How long does it typically take to get a court date in Pasadena?

After you file the eviction suit, you can typically expect a court date within 10-21 days in Harris County Justice Courts. This timeline can vary slightly depending on court caseloads, but it's generally a swift process compared to many other states. Be prepared for your hearing.

Q4

Do I need a lawyer for a simple eviction?

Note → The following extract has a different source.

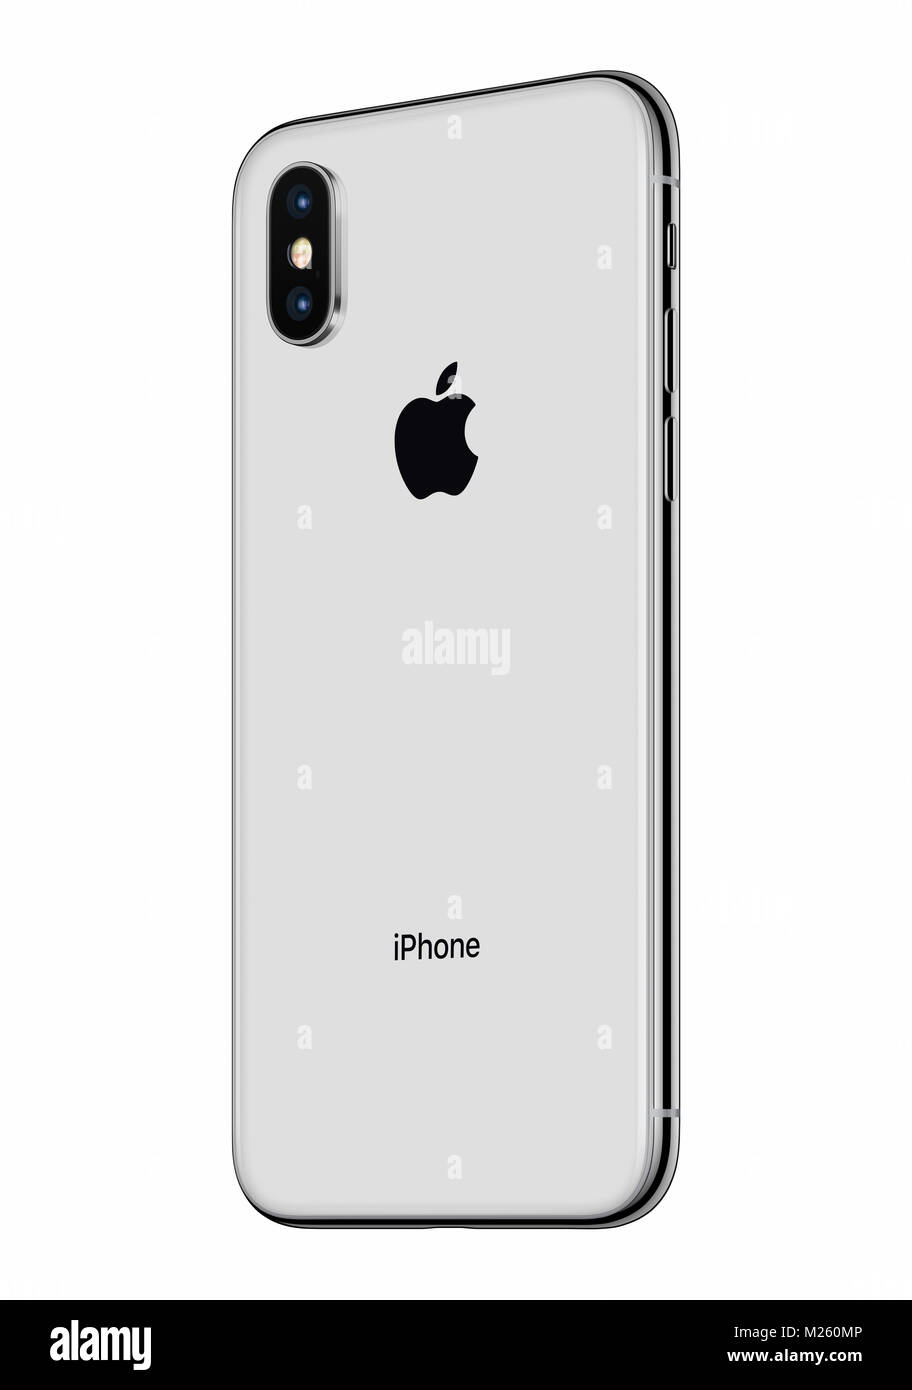 Silber Apple iphone x Rückseite leicht gedreht isoliert auf weißem  Hintergrund. iPhone 10 ist das neueste Smartphone von Apple Inc mit  rahmenlosen Design Stockfotografie - Alamy
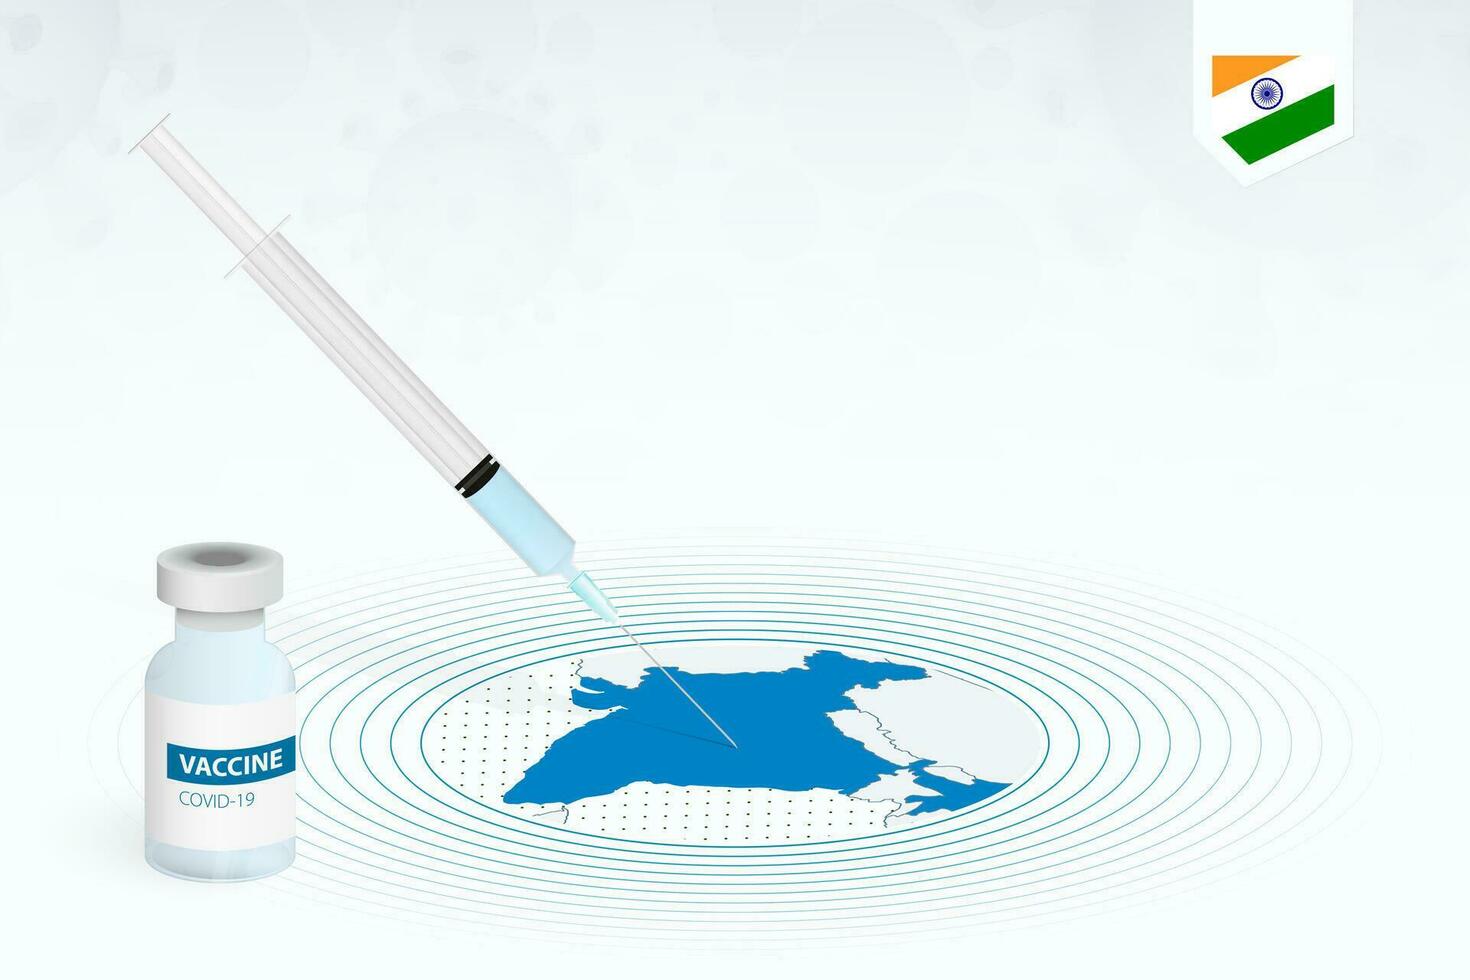 covid-19 vacinação dentro Índia, coronavírus vacinação ilustração com vacina garrafa e seringa injeção dentro mapa do Índia. vetor

For a straightforward, uncontested non-payment eviction, many landlords successfully represent themselves in Justice Court. However, if the tenant hires a lawyer, raises complex defenses, or you simply want peace of mind, hiring an attorney is highly recommended. It's an investment in a smooth, legally compliant process.

Q5

What if my tenant claims they can't pay due to a job loss?

While unfortunate, Texas law doesn't provide special protections or delays for tenants who lose their jobs. Your legal right to collect rent and pursue eviction for non-payment remains. You can choose to be flexible, offer a payment plan, or proceed with the 3-day notice. Your decision should balance compassion with your business needs. You can explore more on Texas tenant protections.

06Score

What this score means for landlords2

A 2.4/10 places Pasadena in the 63rd percentile of Texas cities on the Eviction Risk Score index. The score is the average of the nine sub-axes, all calibrated on a national 1 to 10 scale where 1 is most landlord-friendly and 10 is most tenant-protective. The 50-year reconstruction shows this score has climbed steadily since 1976, a structural drift driven by court-calendar growth, rent-control adoption, and the rise of tenant-side legal aid. The trajectory matters more than the snapshot: the score is the climate, not the weather.